Member of the Minnesota Senate from the 1st district
- In office January 4, 1983 – January 2, 2017
- Preceded by: Marv Hanson
- Succeeded by: Mark Johnson

Member of the Minnesota House of Representatives from the 1B district
- In office January 6, 1981 – January 3, 1983
- Preceded by: John R. Corbid
- Succeeded by: Wallace A. Sparby

Personal details
- Born: May 29, 1944 (age 82) Waverly, Minnesota, U.S.
- Party: Democratic (DFL)
- Spouse: Carol
- Children: 3
- Alma mater: St. Paul Seminary Syracuse University
- Occupation: farmer

= LeRoy Stumpf =

American politician

LeRoy A. Stumpf (born May 29, 1944) is a Minnesota politician and former member of the Minnesota Senate. A member of the Minnesota Democratic–Farmer–Labor Party (DFL), he represented District 1, which included all or portions of Kittson, Marshall, Pennington, Polk, Red Lake and Roseau counties in the northwestern part of the state.

==Background==
Stumpf was born in Waverly, Minnesota.

==Education==
Stumpf graduated from Nazareth Hall High School, and then went on to receive a B.A. from the St. Paul Seminary in Saint Paul, Minnesota. He later received a M.P.A. from the Maxwell School of Citizenship and Public Affairs at Syracuse University in Syracuse, New York.

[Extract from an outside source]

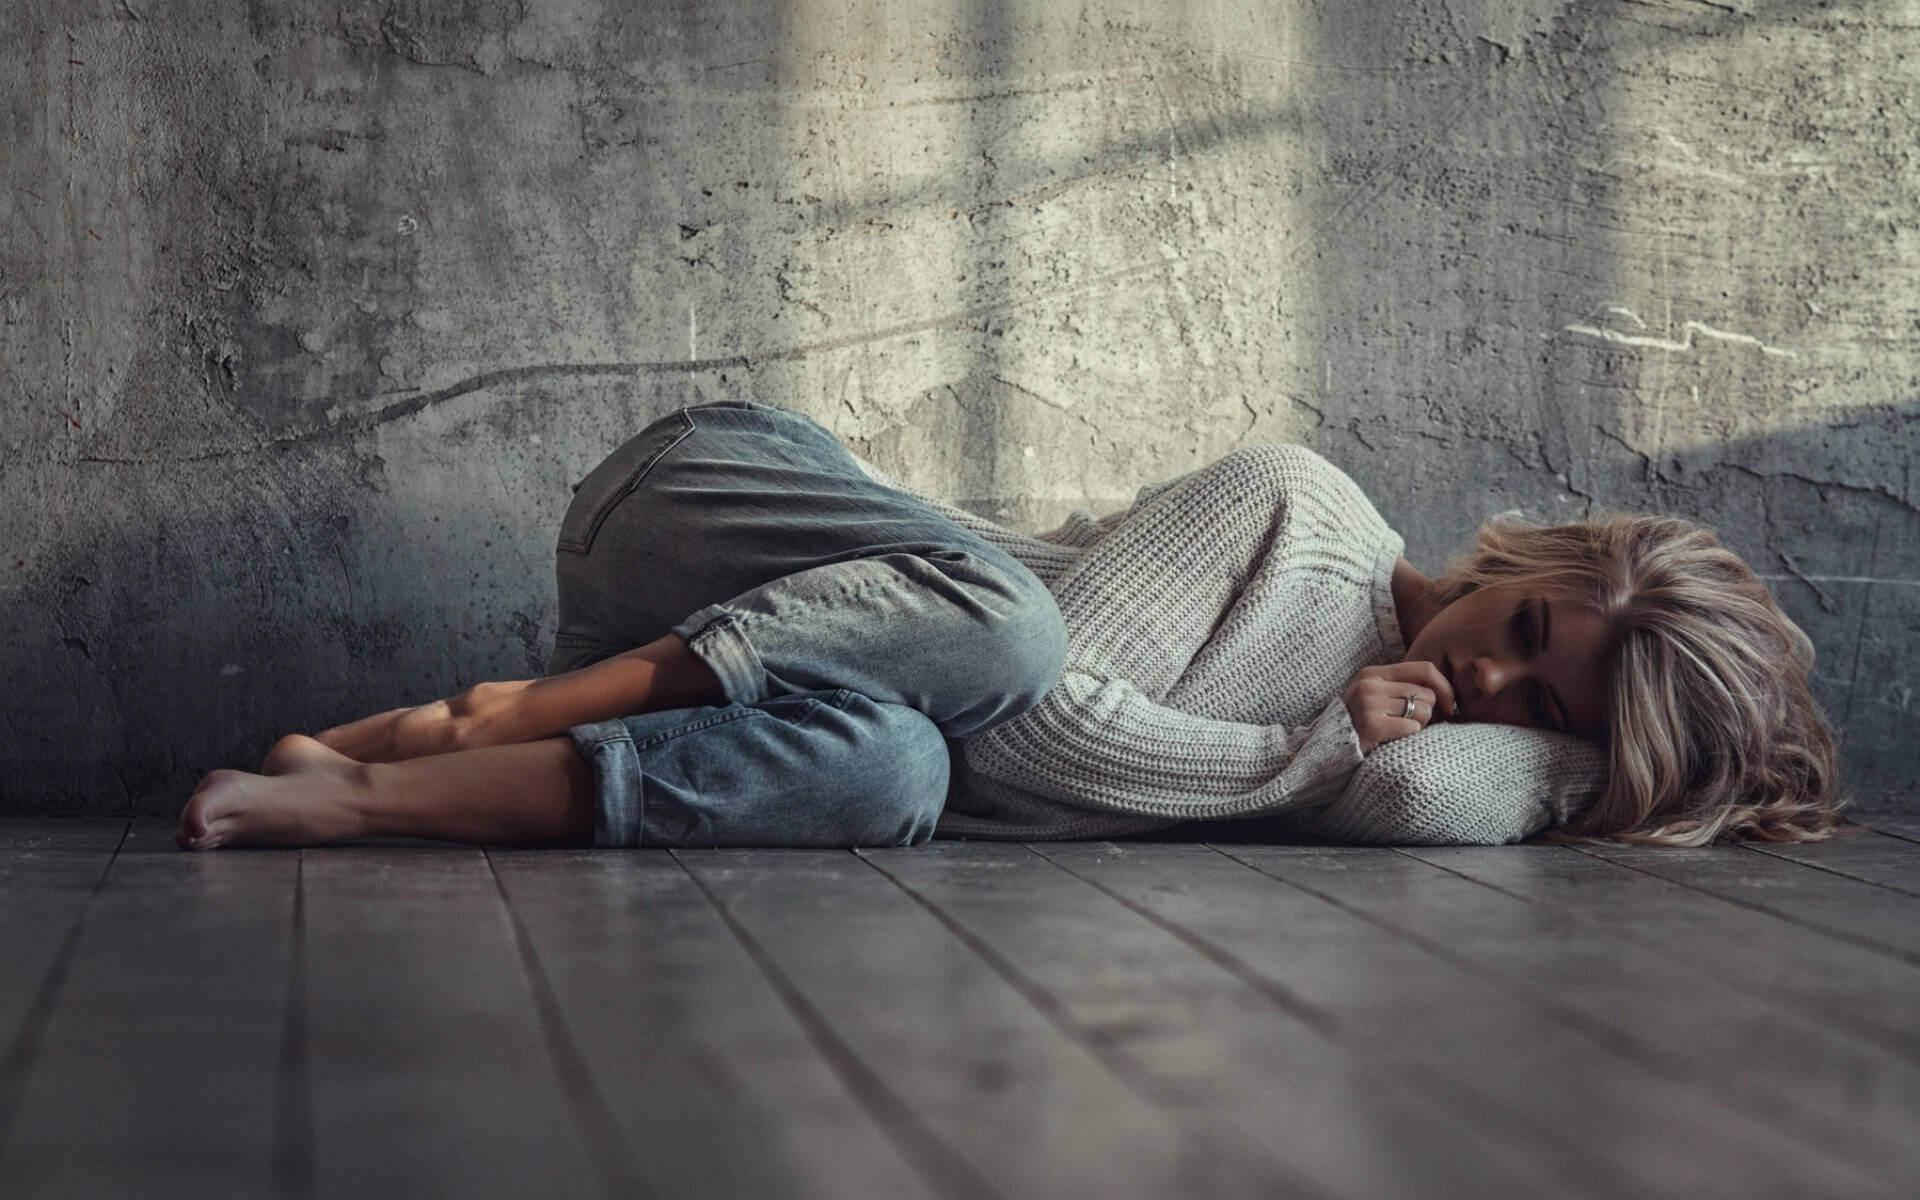 Причины депрессии и апатии: у подростков, у женщин, у мужчин ...

==Minnesota House of Representatives==
Stumpf served in the Minnesota House of Representatives from 1981 to 1983, representing District 1B.

==Minnesota Senate==
Stumpf was first elected to the Senate in 1982 and was re-elected in every subsequent election since then until he didn't seek re-election in 2016. He served as a majority whip from 1991 to 1993, and chaired the Education Committee from 1993 to 1997 and from 2009 to 2011, and the Children, Families and Learning Committee from 1997 to 2001. Stumpf announced his retirement in February 2016, saying that he would finish out the rest of the term and not run for reelection.

==Electoral history==

Minnesota Senate 1st district election, 2012
| Party |  | Candidate | Votes | % | ±% |
|---|---|---|---|---|---|
|  | Democratic (DFL) | LeRoy Stumpf (incumbent) | 22,298 | 60.59 |  |
|  | Republican | Steve Nordhagen | 14,475 | 39.33 |  |
|  | Write-in | N/A | 29 | 0.08 |  |

Minnesota Senate 1st district election, 2010
| Party |  | Candidate | Votes | % | ±% |
|---|---|---|---|---|---|
|  | Democratic (DFL) | LeRoy Stumpf (incumbent) | 15,614 | 58.33 | −37.91pp |
|  | Republican | Russell Walker | 11,132 | 41.58 |  |
|  | Write-in | N/A | 24 | 0.09 |  |

Minnesota Senate 1st district election, 2006
| Party |  | Candidate | Votes | % | ±% |
|---|---|---|---|---|---|
|  | Democratic (DFL) | LeRoy Stumpf (incumbent) | 24,861 | 96.24 | +32.31pp |
|  | Write-in | Roger Schmitz | 603 | 2.33 |  |

Minnesota Senate 1st district election, 2002
| Party |  | Candidate | Votes | % | ±% |
|---|---|---|---|---|---|
|  | Democratic (DFL) | LeRoy Stumpf (incumbent) | 19,227 | 63.93 |  |
|  | Republican | Lyle Kenner | 10,845 | 36.06 |  |

Minnesota Senate 1st district election, 2000
| Party |  | Candidate | Votes | % | ±% |
|---|---|---|---|---|---|
|  | Democratic (DFL) | LeRoy Stumpf (incumbent) | 17,651 | 60.23 |  |
|  | Republican | Lyle Kenner | 10,500 | 35.83 |  |
|  | Independence | Jual Carlson | 1,156 | 3.94 |  |

==Personal life==
Stumpf and his wife, Carol, are the owners of Two Fools Vineyard near Plummer.